This repository contains all the necessary scripts and functions to create neural networks for audio processing like the ones we use. Help functions / scripts can be found in the Utils folder. There is also a script to convert the created model files into tflite files. All other scripts or Jupyter notebooks can be found sorted by topic in their respective folders.
There are several ways to install the dependencies of the Python 3.9 scripts provided here.
conda env create -p ./venv -f conda_env.yml
pip install virtualenv
virtualenv venv
venv/Scripts/activate
pip install -r requirements.txt
The Utils folder contains a file called annotateWhistle.py, which can be used to quickly and easily annotate whistle data for training. All you need to do is create at least one folder in the WhistleDetector folder where the WAV files to be annotated are stored. This can be the AnnotationData folder, for example. This folder already contains a very short audio file with just one whistle for demonstration purposes.
To annotate a file, only the last line of annotateWhistle.py needs to be adapted. The parameter "dataset" stands for the name of the WAV file to be annotated (without extension) and the parameter "folder" for the folder in which the WAV file is located. For example:
label_dataset(dataset = "Demo", folder = "AnnotationData")
If the annotateWhistle.py file is then executed, a matplotlib window opens after a while. In this window, the recognized whistles are marked by a white frame on the spectrogram. If you want to listen to a whistle again, you can do this by double left-clicking on it. To mark a recognized whistle as a real whistle, right-click on the position of the whistle. The frame changes from white to green. When all real whistles have been marked, the corresponding data can be exported by pressing the s key.

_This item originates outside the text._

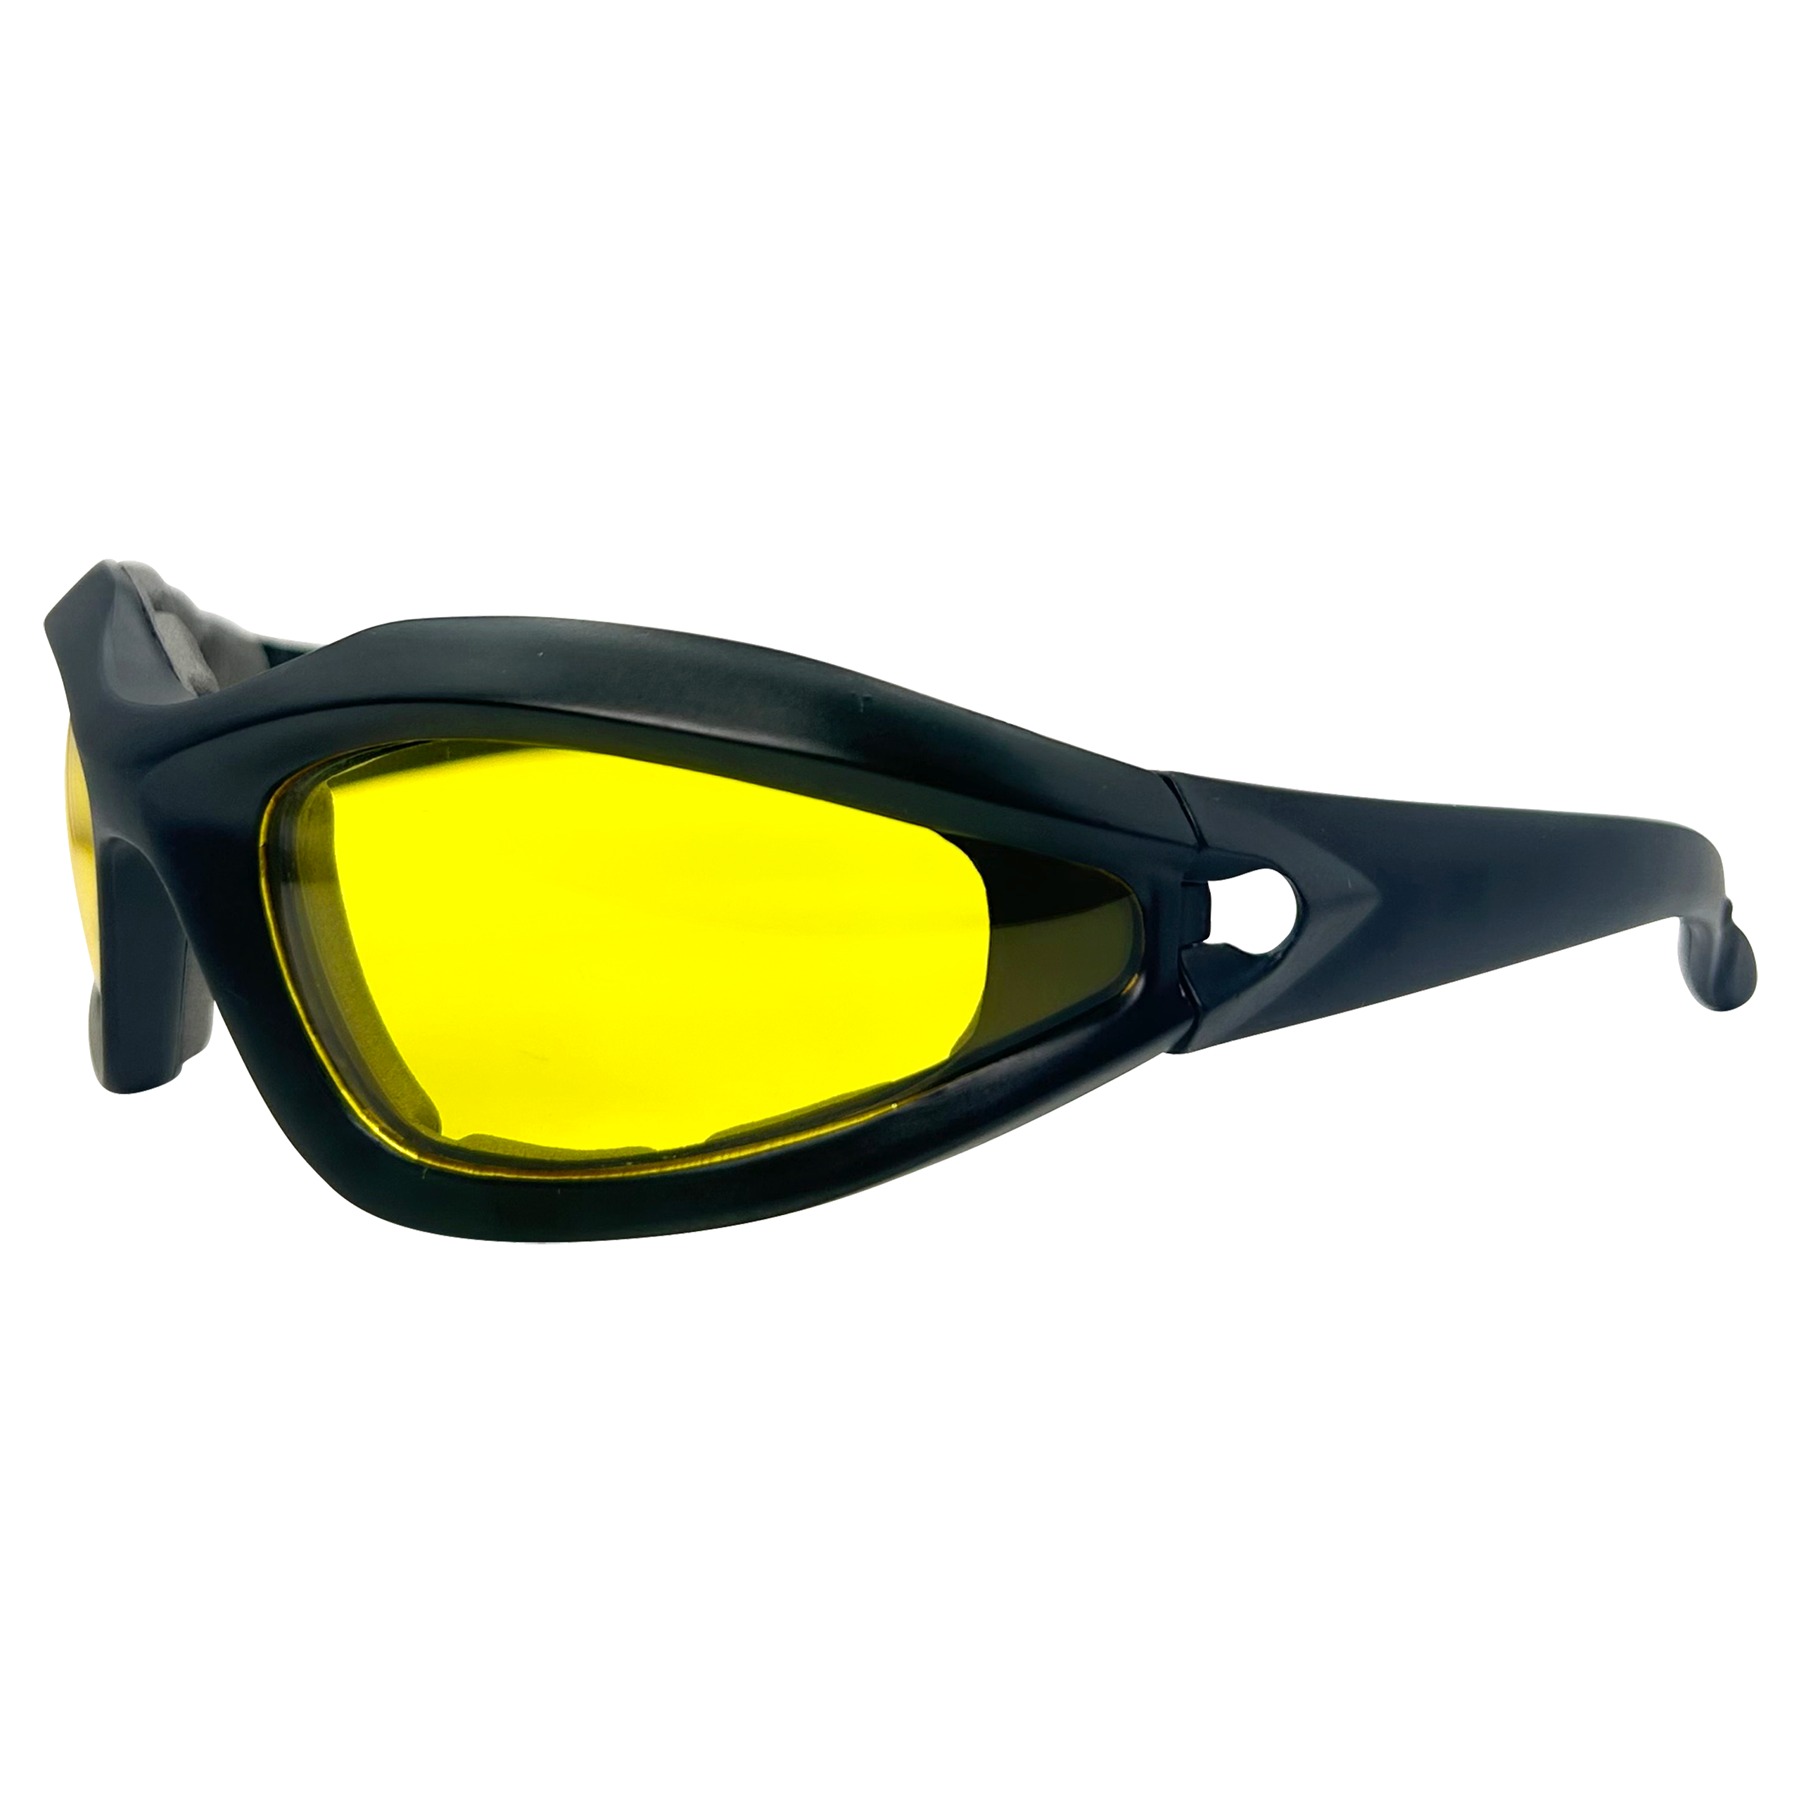 shield sunglasses womens and unisex with yellowflash lens

By pressing the l key, you can switch from annotation mode to edit mode. However, all previously annotated whistles will be lost. In edit mode, noise or whistling can be removed by right-clicking. The edited file can then be saved by pressing the c key.
Key | Action |
---|---|
l | Switch between edit and annotation mode (default) |
c | save edited data file |
s | export annotation data |
double left click | play audio |
right click | mark whistle as real [annotation mode (default)] / cut audio [edit mode] |
Some labelled files can be found here.
The Utils folder contains a file called annotateWhistleDirectionDistance.py, which can be used to quickly and easily annotate whistle distance and direction data for training, test and evaluation. You need only download the corresponding dataset and copy the WAV files into the corresponding train, test, or evaluation folder. The demo folder already contains a very short audio file with just one whistle for demonstration purposes only.
To generate the annotated direction and distance data of the whistles, you need to edit the string in line 1006, which specifies one of the four folders (Train, Test, Eval, and Demo). By default, it contains the string "Demo". After this, you can simply run the script to generate all the files needed for training and testing our neural networks. For example:
statistic = generate_dataset("Demo")
prettyPrintStatistic(statistic)
The generated statistics of the dataset can help balance your dataset and give a more detailed overview of it.
The annotateWhistleDirectionDistance.py file also contains a method to check the audio files for broken mics and a debug method that visualizes the audio files as spectrograms and marks detected whistles. This debug method mostly works like the whistle annotation tool and has the same shortcuts. For example:
check_for_broken_mics("Test")
debug_dataset("Hulk_Lab_Test_02", "Eval")
The Utils folder also contains a script called room_impulse_response_debug.py, which can be used to analyse the Room Impulse Response (RIR) of a recorded chirp sound (Utils/chirp.wav). As a demonstration, the recording of this chirping sound in our lab has already been included.